What is required:
The expected output is the data below, character for character, without its pictures.
**** Source material
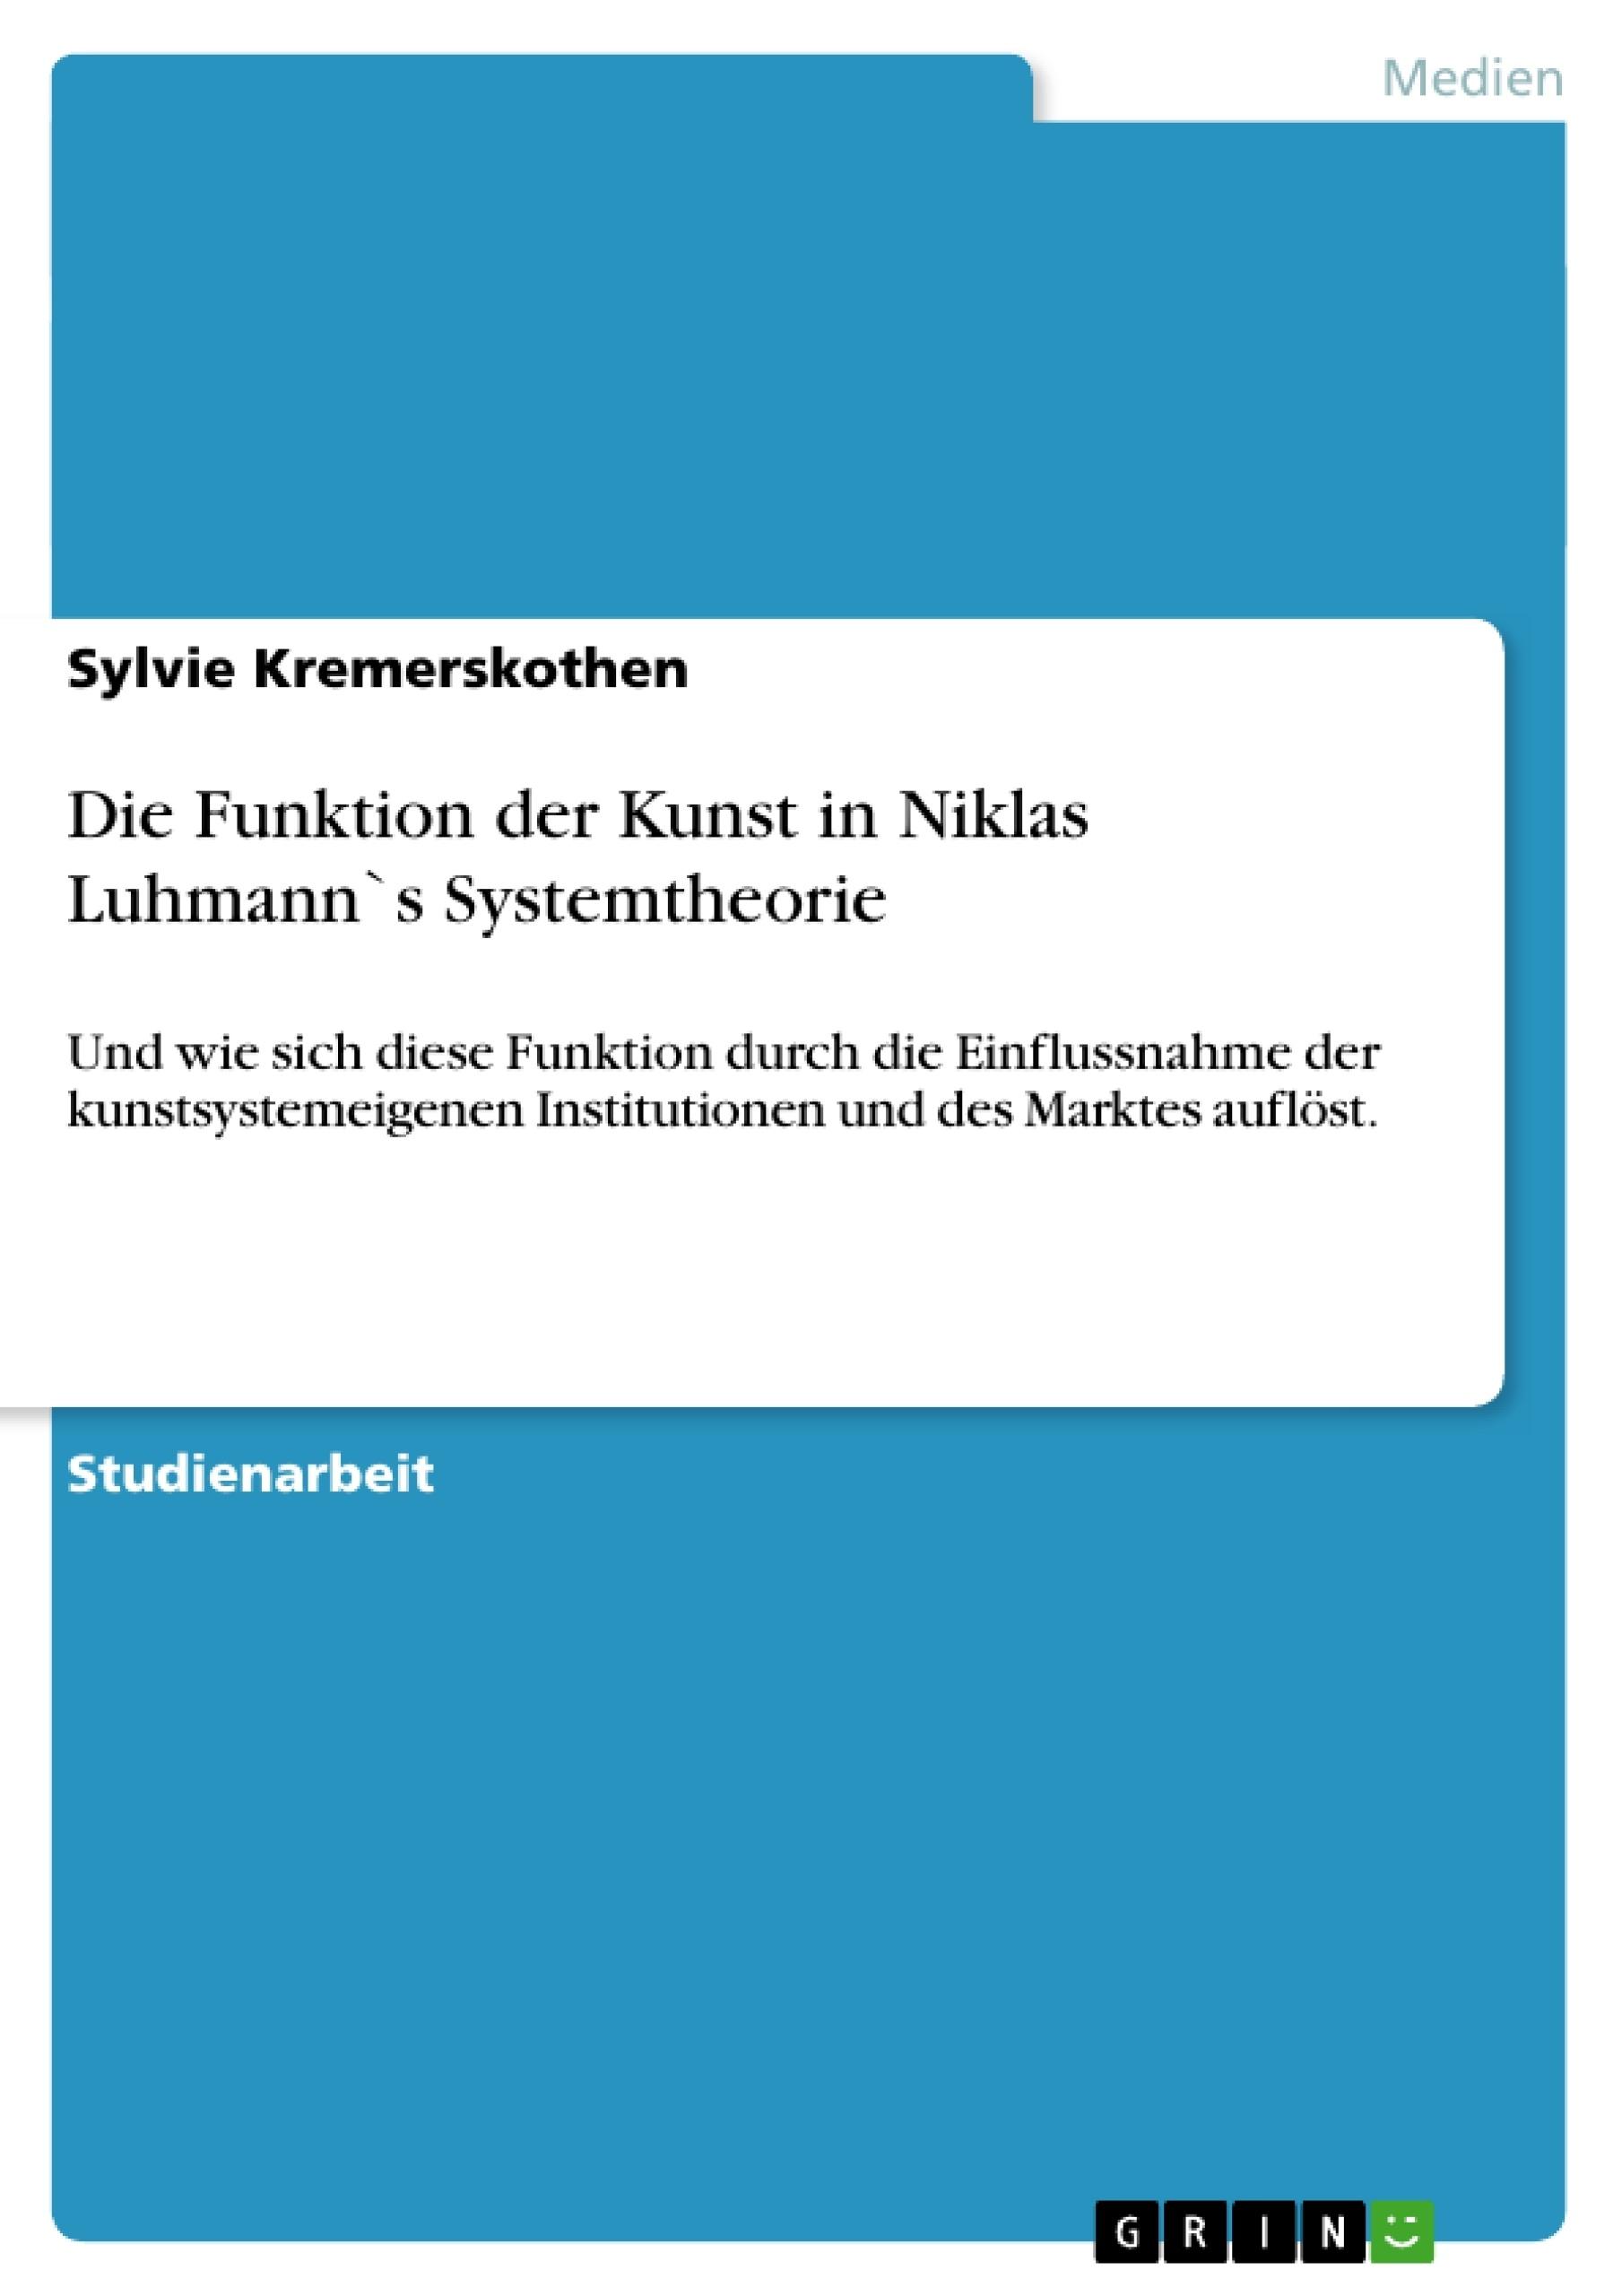 Titel: Die Funktion der Kunst in Niklas Luhmann`s Systemtheorie
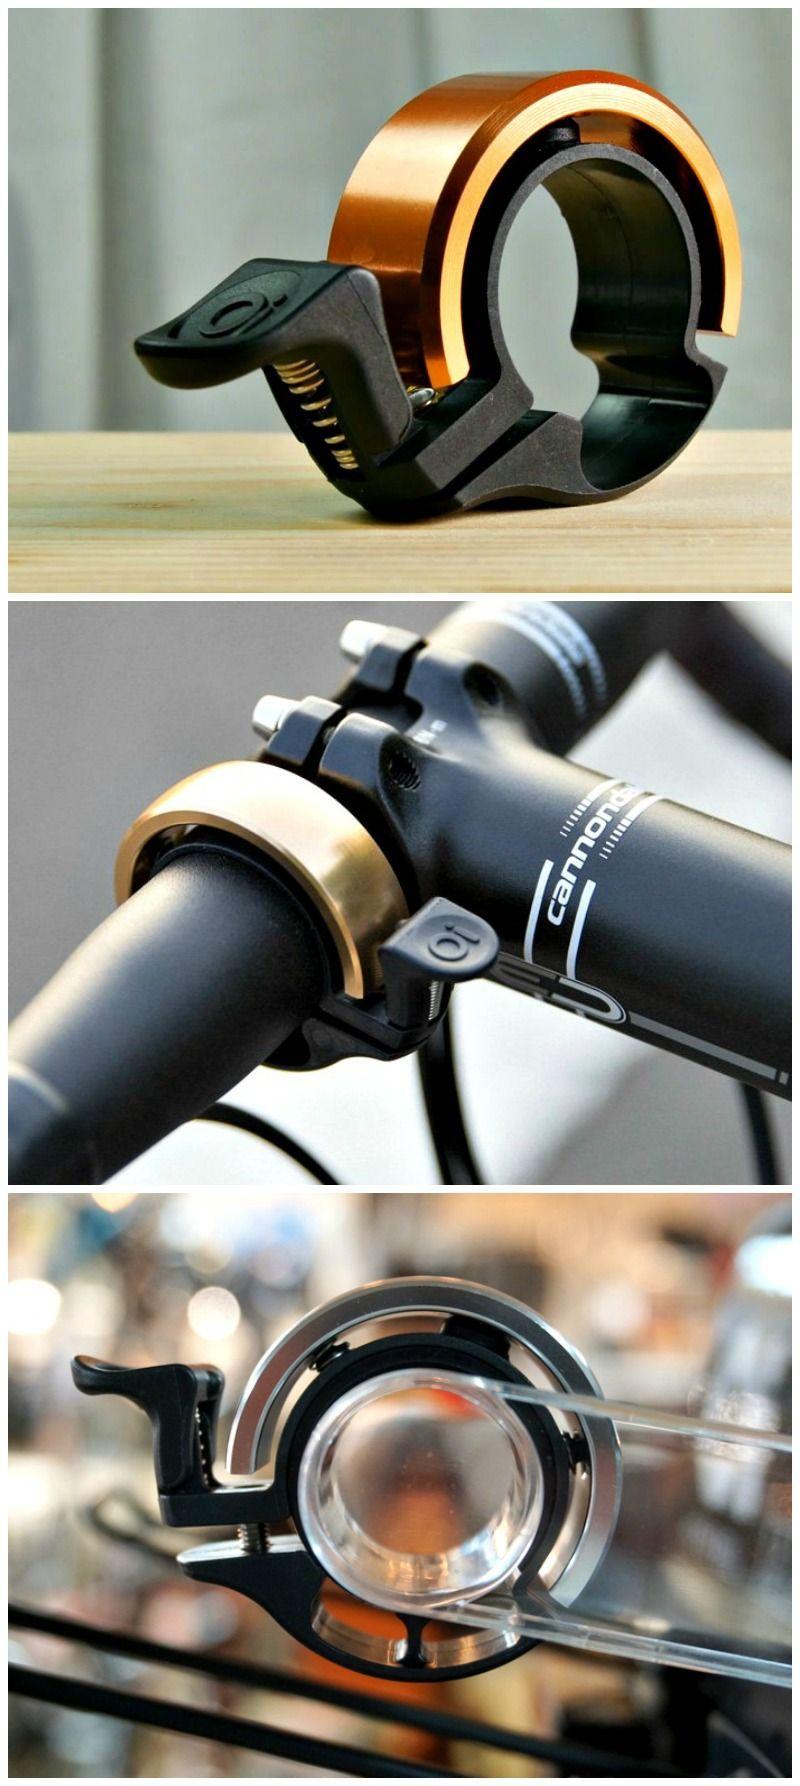 Knog Oi Sounds Like A Bike Bell But Looks Nothing Like One
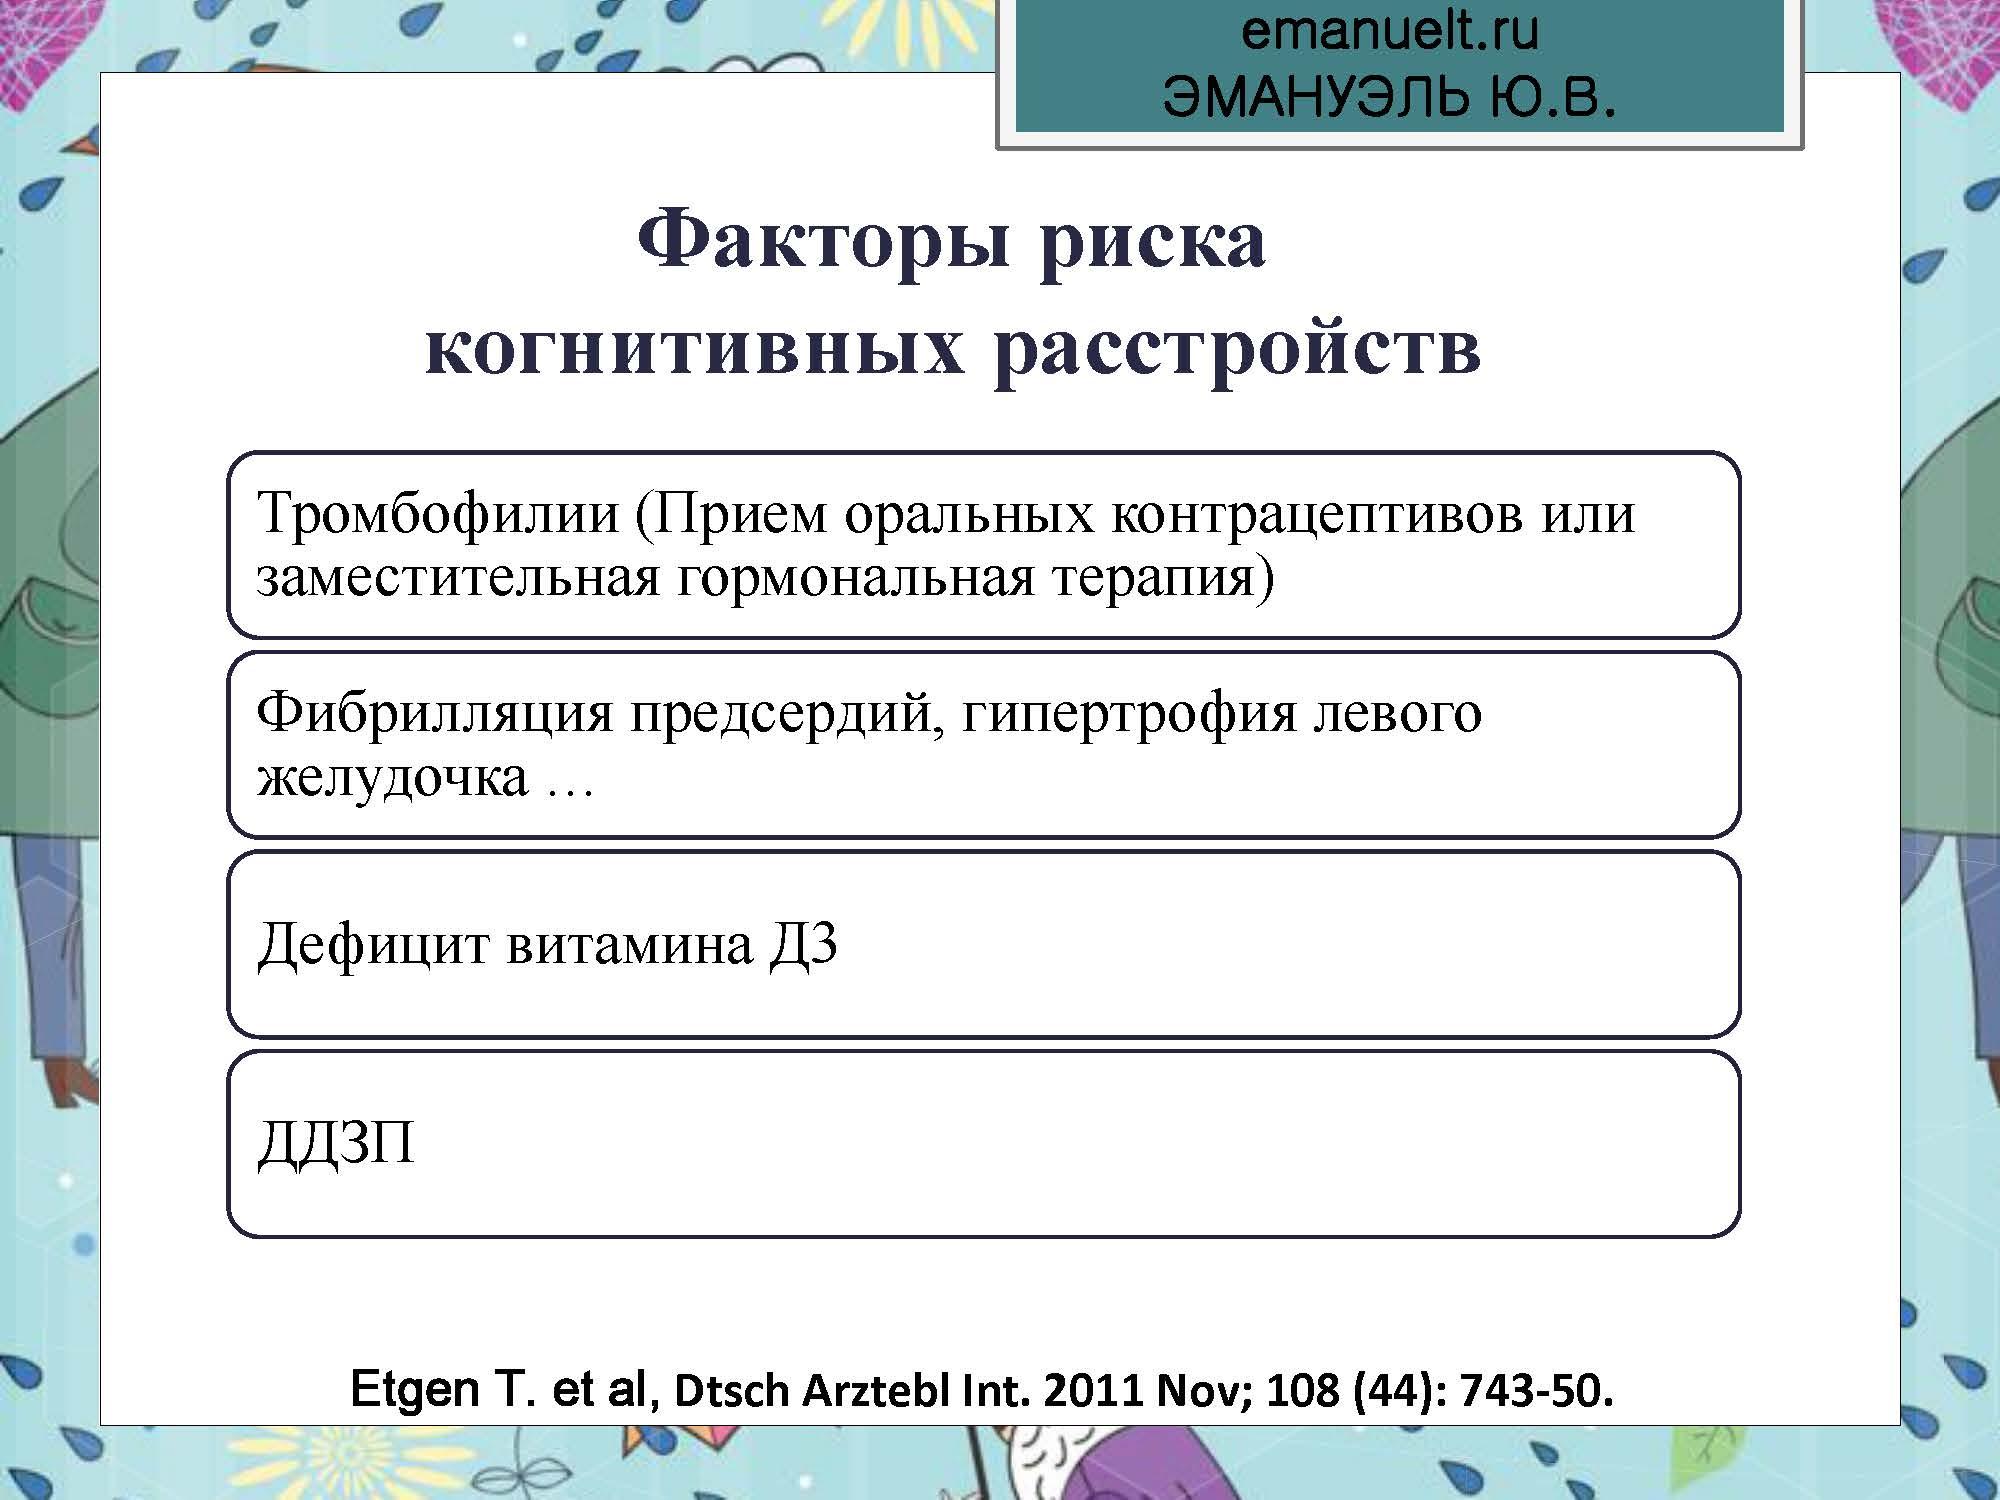 Секция 8. ЭЮВ. СПбГМУ.  26.03_Страница_22
********
Task solution:
 Titel: Die Funktion der Kunst in Niklas Luhmann`s Systemtheorie
 Knog Oi Sounds Like A Bike Bell But Looks Nothing Like One
 Секция 8. ЭЮВ. СПбГМУ.  26.03_Страница_22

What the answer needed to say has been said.